[Opening Data segment section]

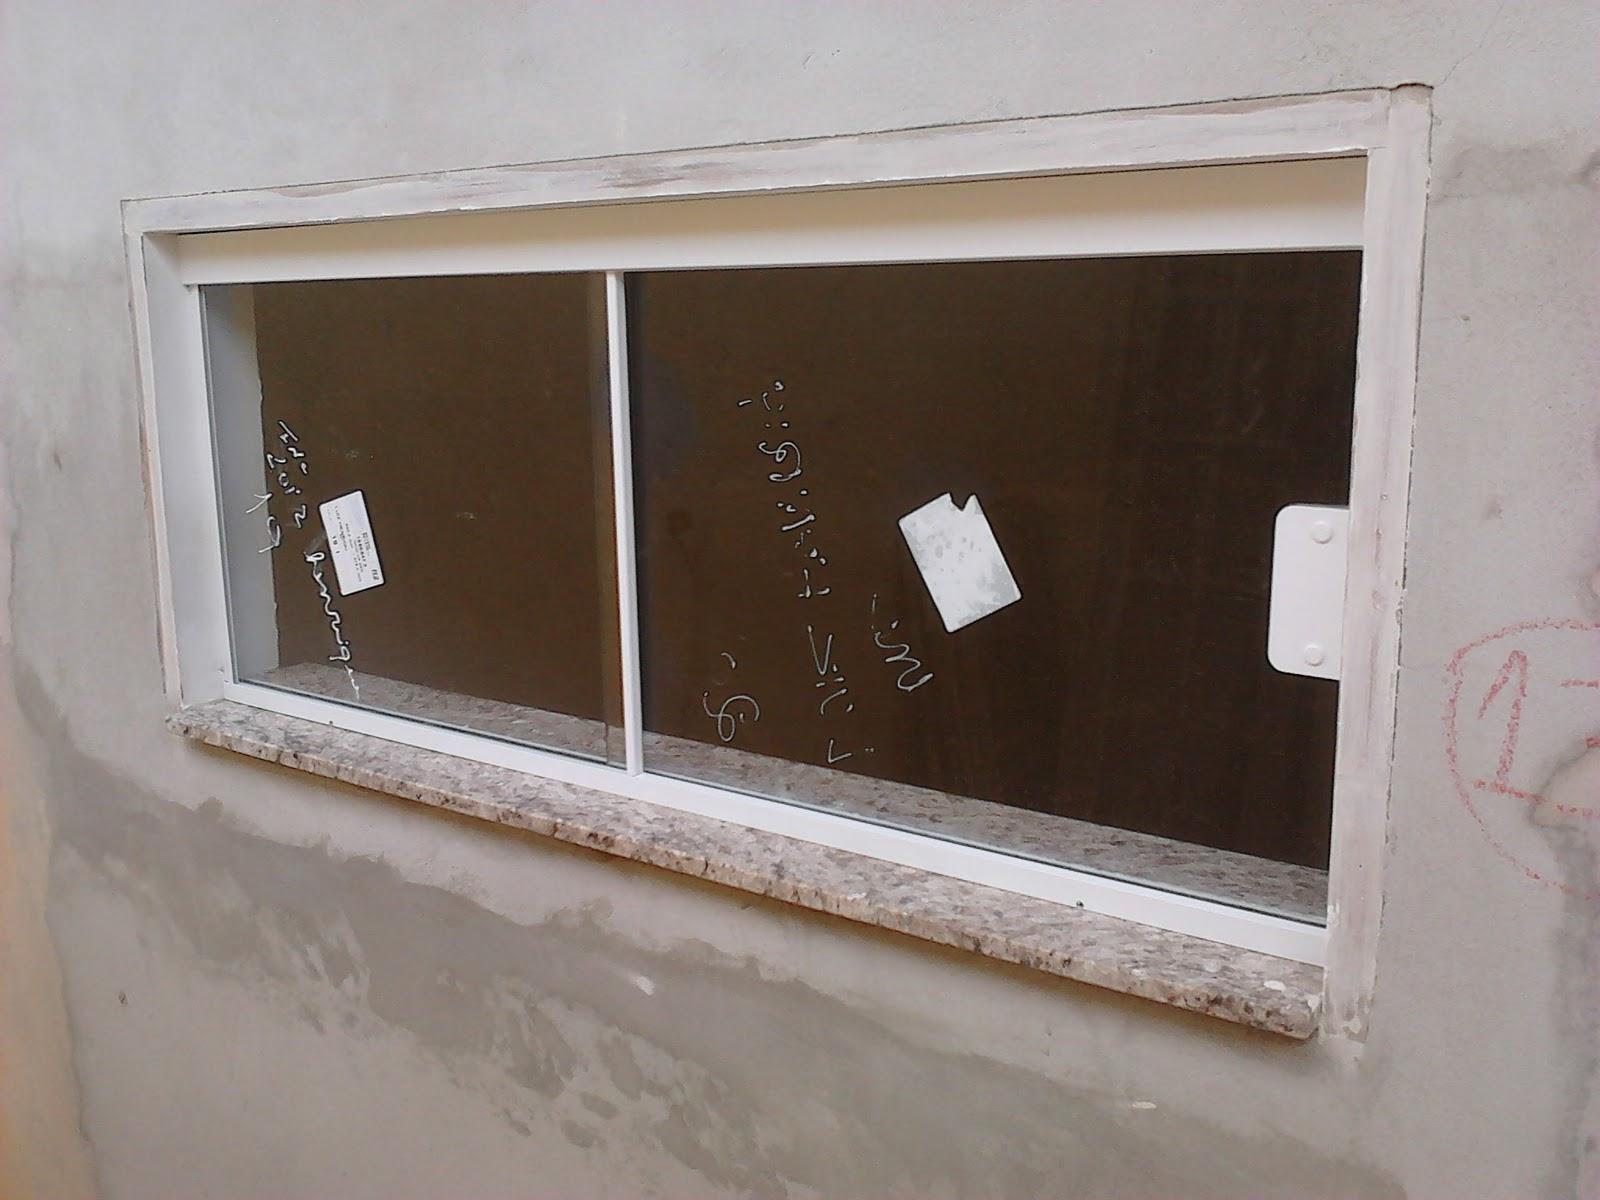 #3B2A1D Janela com vidro 08mm Incolor de 02 folhas (01 fixo e 01 de correr) 290 Janelas De Vidro Sao Luis Ma
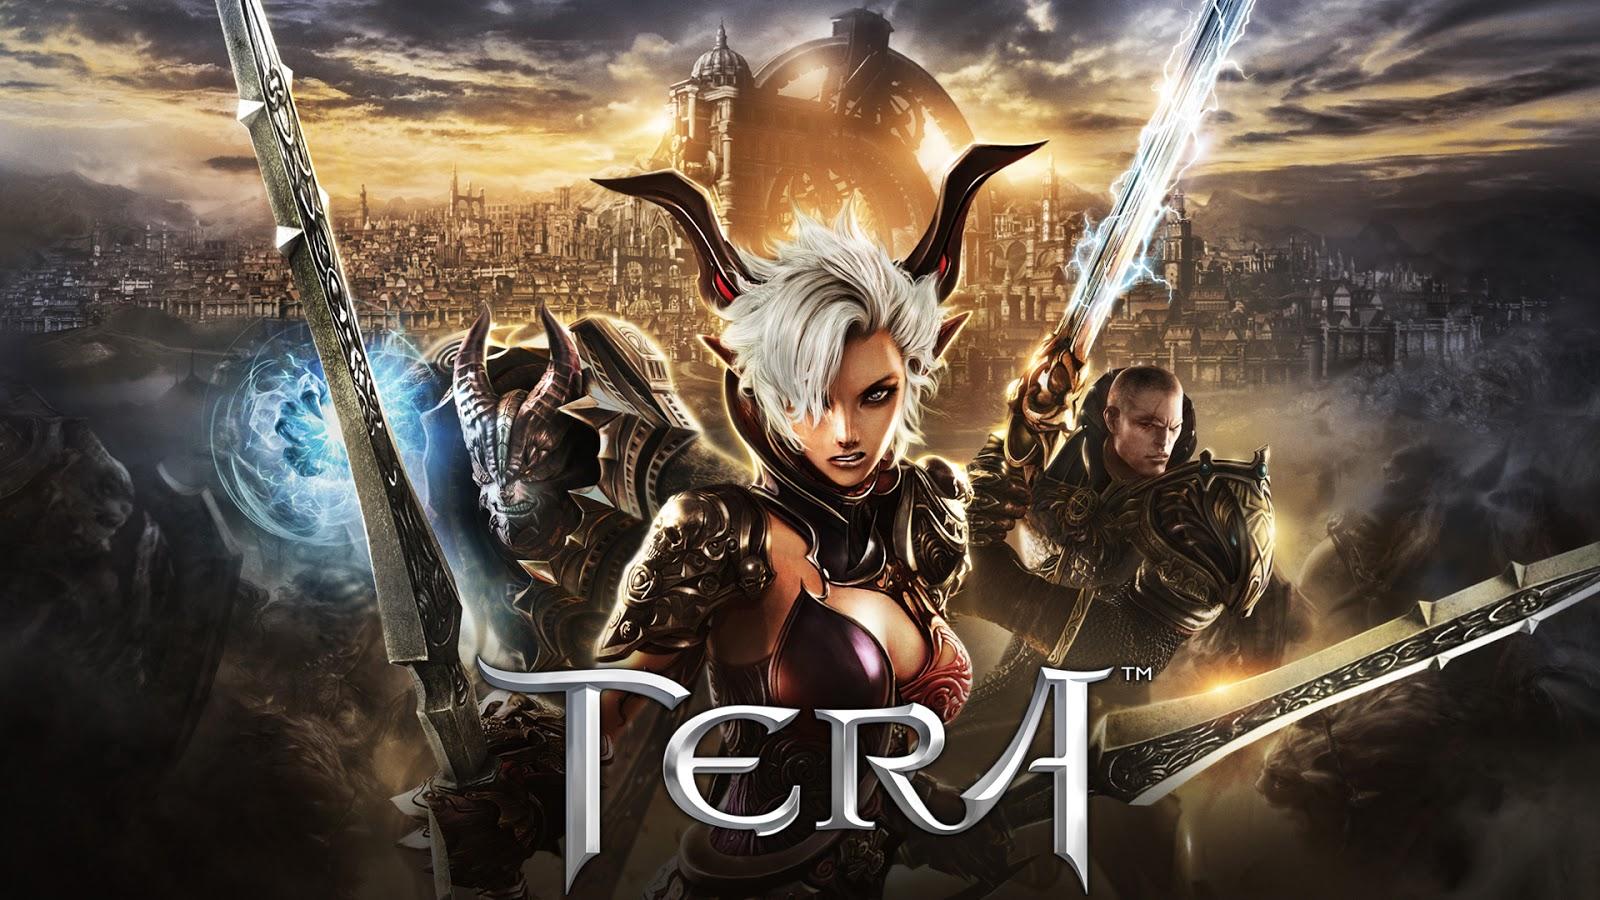 Tera Spiel
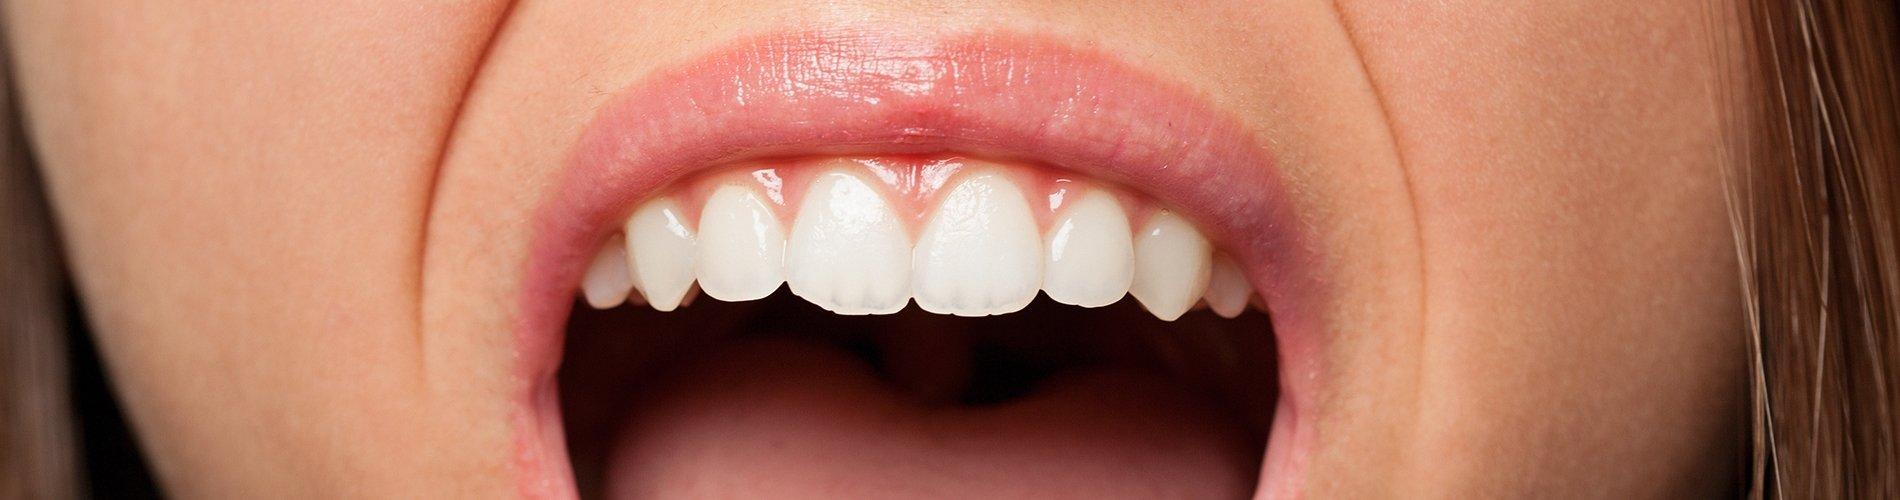 ¿Cómo reducir la inflamación de las encías?
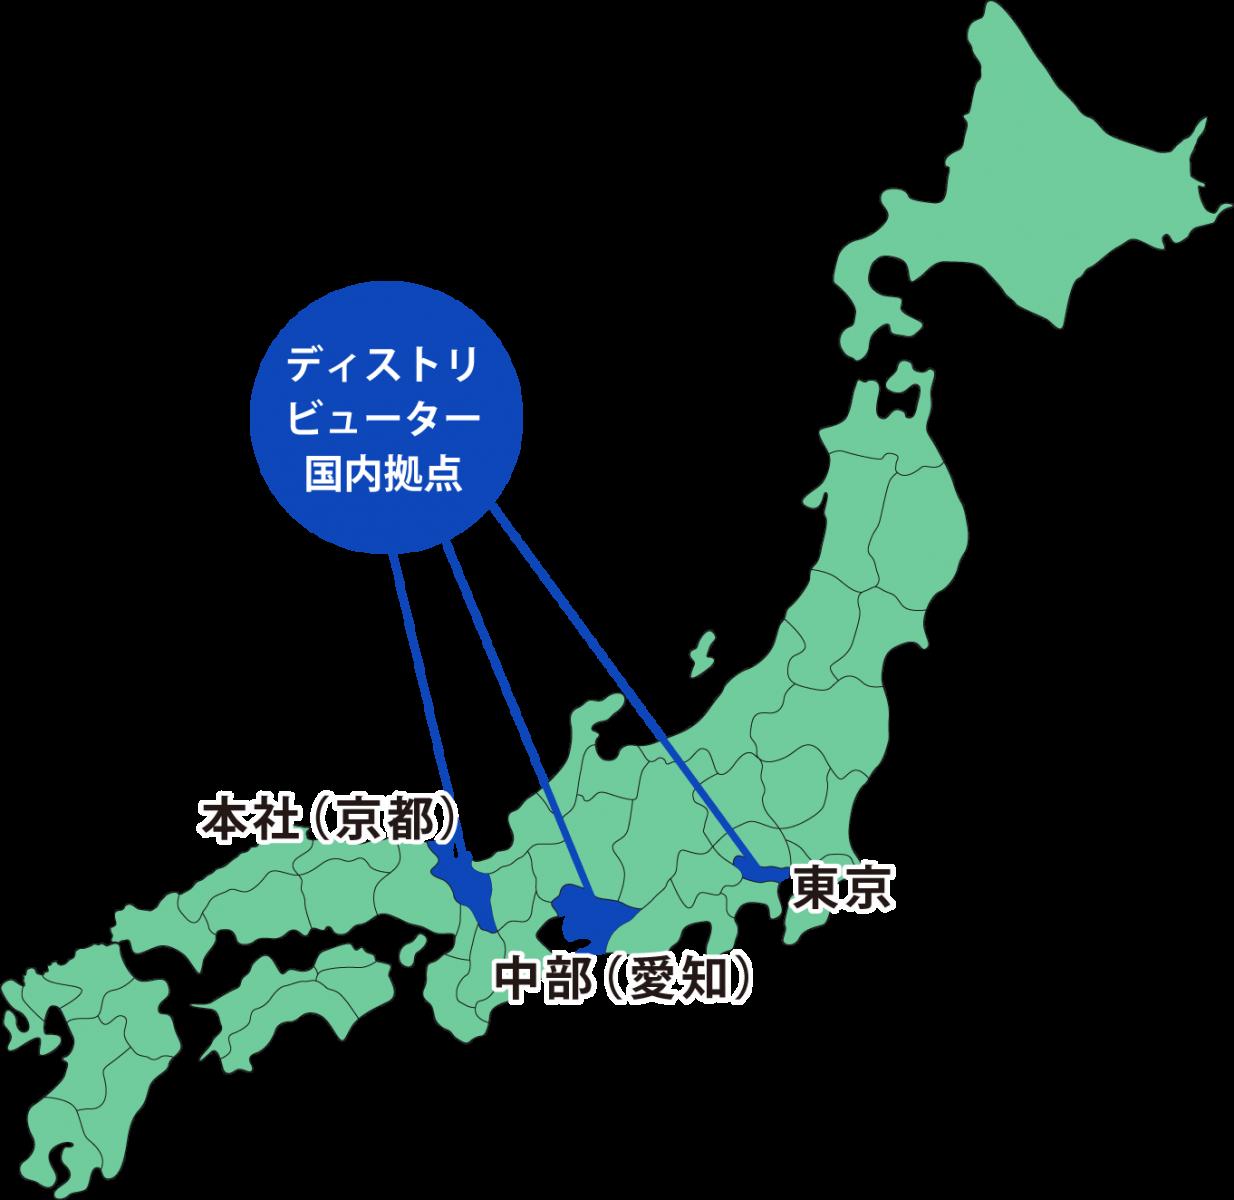 国内拠点の地図

[Closing Data segment section]

## What you should do
With the pictures omitted, print each line of the data above precisely as given.

## Answer to this exercise
 #3B2A1D Janela com vidro 08mm Incolor de 02 folhas (01 fixo e 01 de correr) 290 Janelas De Vidro Sao Luis Ma
 Tera Spiel
 ¿Cómo reducir la inflamación de las encías?
 国内拠点の地図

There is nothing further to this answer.